Jeffay quoted Eyal Zisser, “a terrorism expert at Tel Aviv University,” who said, “Gaza is the only place in the Arab world where Islamists are in power, and they have shown themselves able to rule and to successfully negotiate and benefit from a cease-fire.” Jeffay adds that “the lull gave the army a chance to practice its range of possible responses to Hamas rockets, from targeted killings to a full-scale operation in Gaza. Security experts say it was a period of intense preparation. ‘The [Israel Defense Forces] will have prepared intelligence and used the chance for the training of troops,’ said Ely Karmon, former adviser to the Defense Ministry and senior researcher at the Institute for Counter-Terrorism at the Interdisciplinary Center in Herzliya.”

In the London Review of Books, Sara Roy wrote, also before the operation (“Cast Lead”), that “Israel’s siege has two fundamental goals. One is to ensure that the Palestinians there are seen merely as a humanitarian problem, beggars who have no political identity and therefore can have no political claims. The second is to foist Gaza onto Egypt.” After describing the economic strangulation at considerable length and detail, Roy noted: “The breakdown of an entire society is happening in front of us, but there is little international response beyond UN warnings which are ignored. … How can keeping food and medicine from the people of Gaza protect the people of Israel? How can the impoverishment and suffering of Gaza’s children — more than 50 per cent of the population — benefit anyone? International law as well as human decency demands their protection. If Gaza falls, the West Bank will be next.” It is superfluous to add that Sara Roy is the child of survivors of the Nazi Holocaust.

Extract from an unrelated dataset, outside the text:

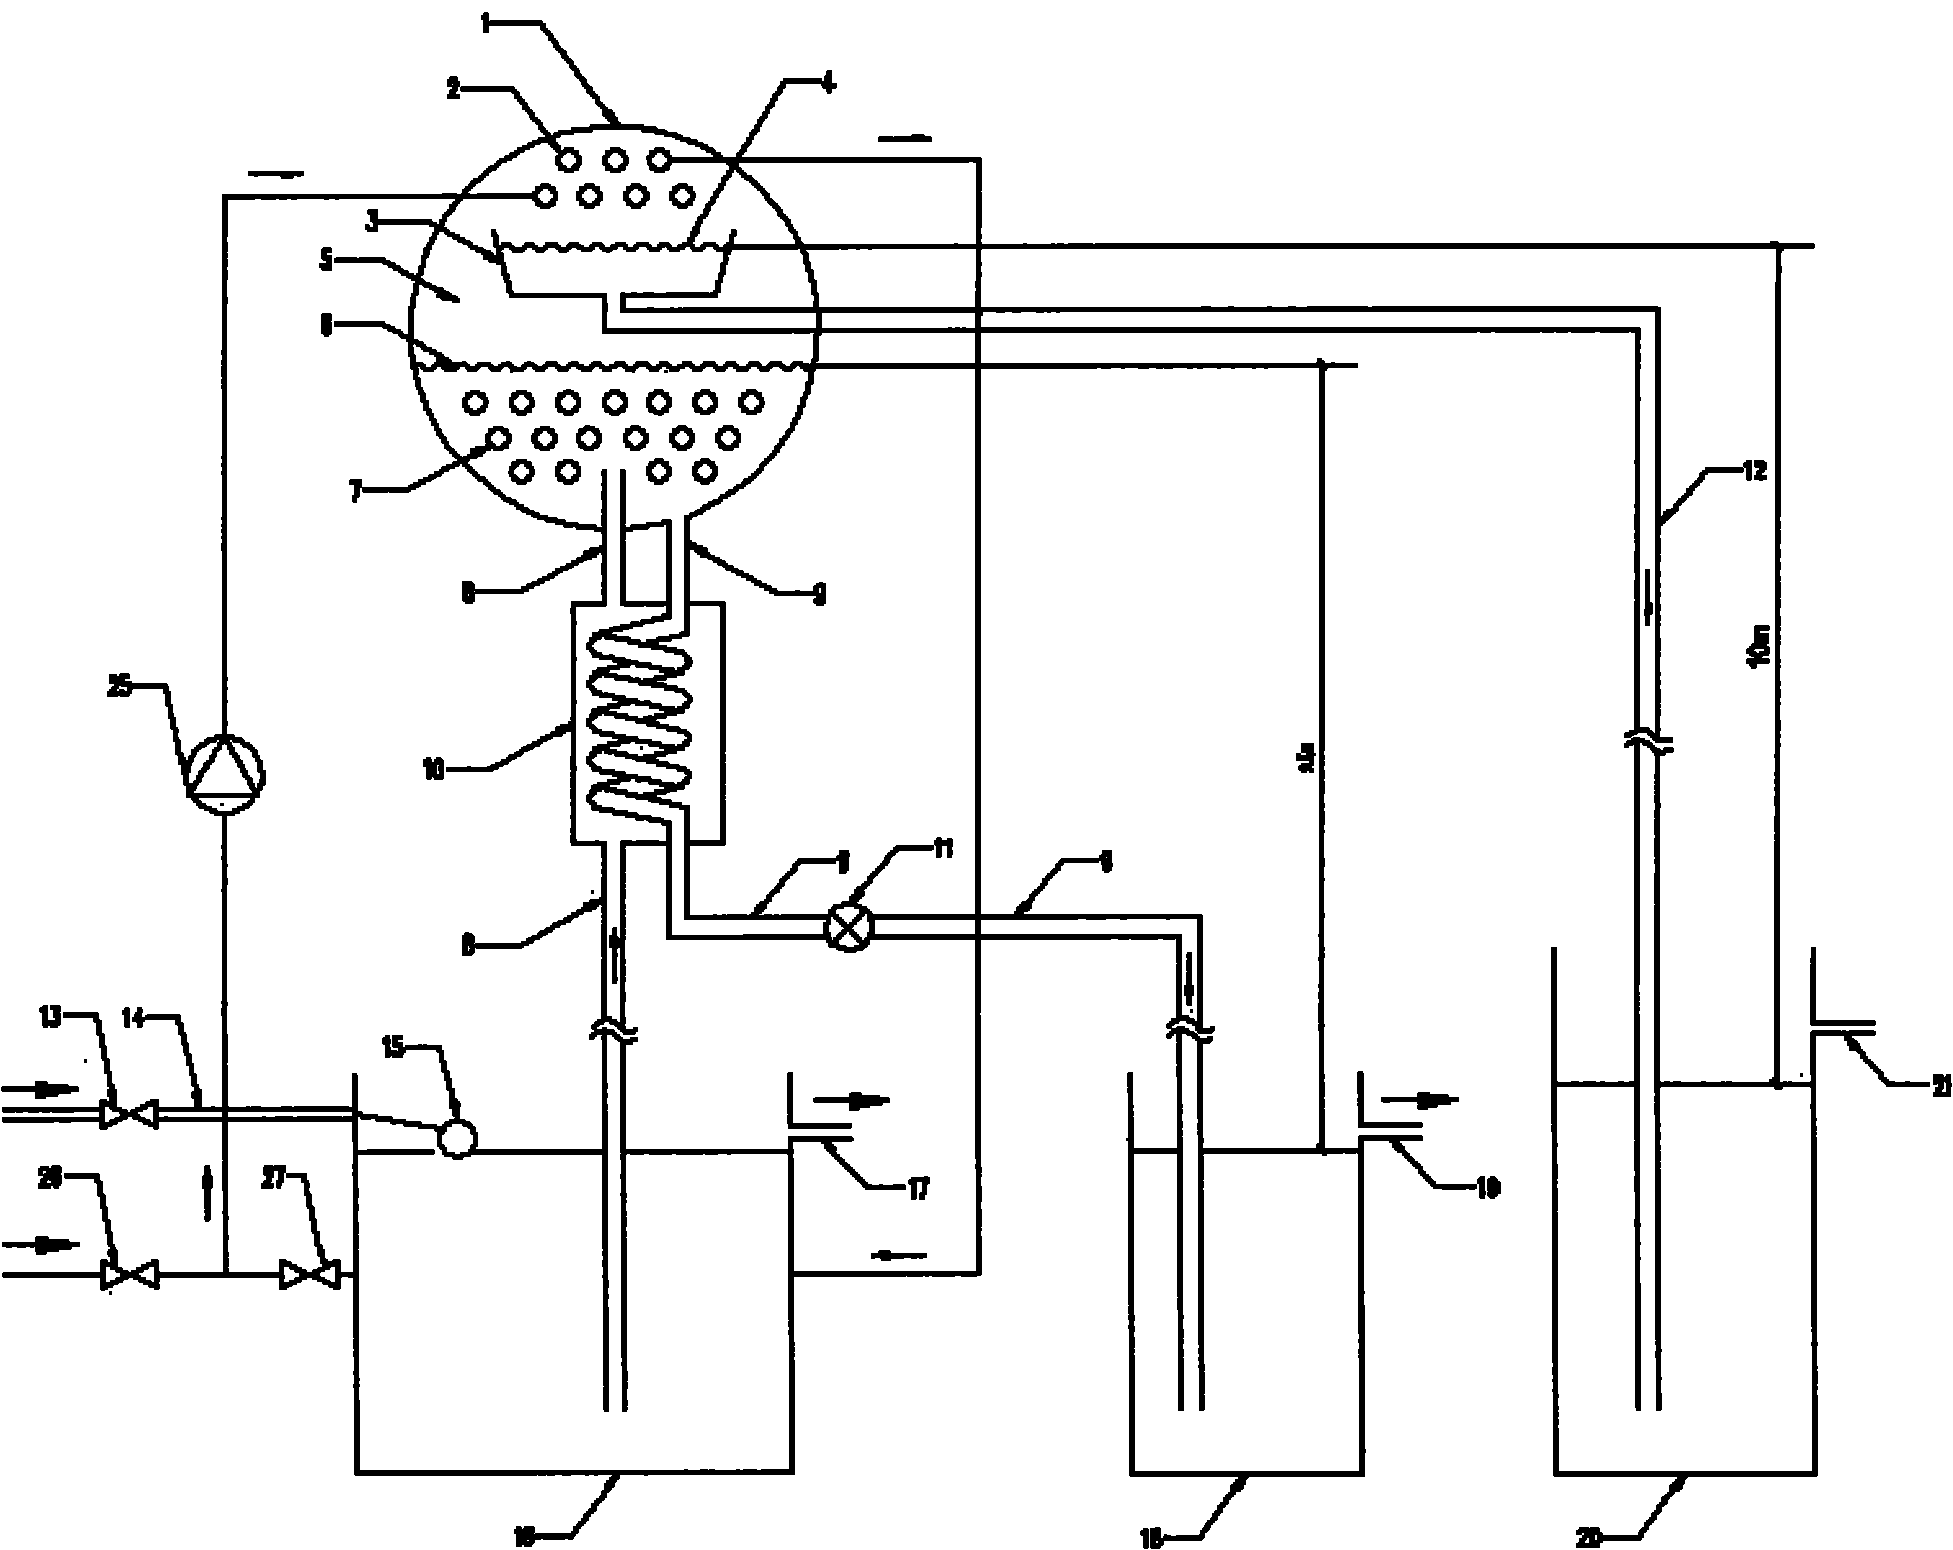 Low-temperature heat energy driven device for distilling and separating water evaporated under negative pressure
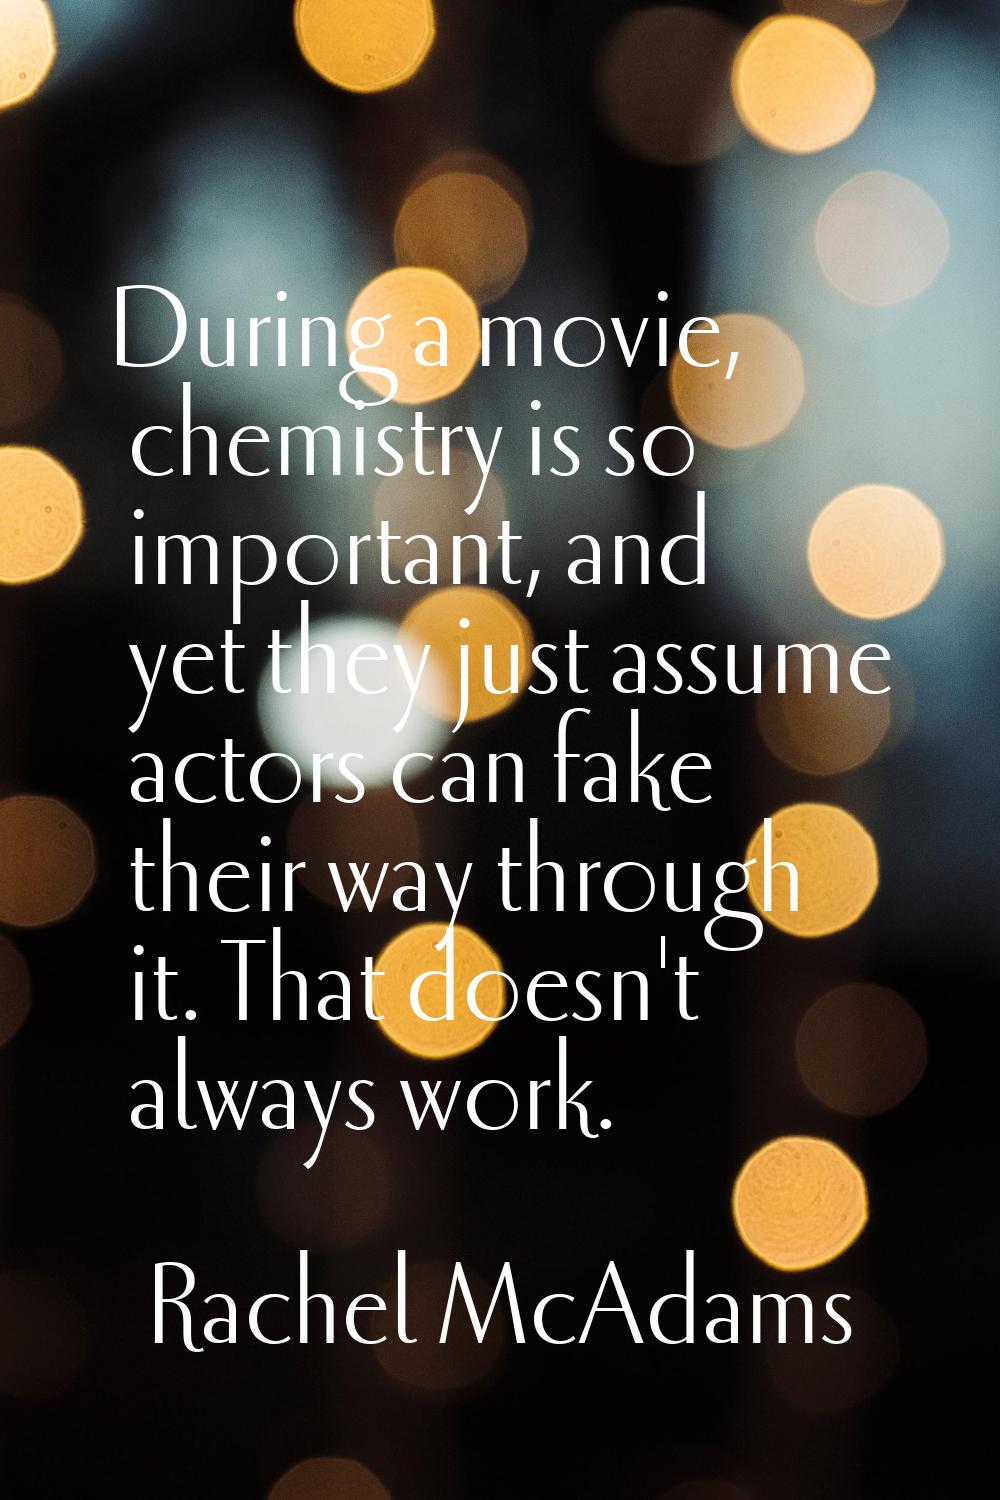 During a movie, chemistry is so important, and yet they just assume actors can fake their way throu

Developments are changing constantly. As of “press” time, Ha’aretz reports that Israeli Arabs are demonstrating, burning tires and Israeli flags. Not surprising, but a potential powder-keg: one-seventh of Israel’s population is Arab. This could quite possibly turn into another intifada if the bloodbath continues. Gideon Levy, one of the sharpest editorialists in the Israeli press, wrote immediately after the attacks started, “Once again, Israel’s violent responses, even if there is justification for them, exceed all proportion and cross every red line of humaneness, morality, international law and wisdom. What began yesterday in Gaza is a war crime and the foolishness of a country.”

Israel will doubtless suffer further attacks against its own citizens if words from people like Levy are ridiculed or ignored, the necessary, at times painful, voices of dissent that put a worthy nation on the right track if, and more often when, it goes perilously astray.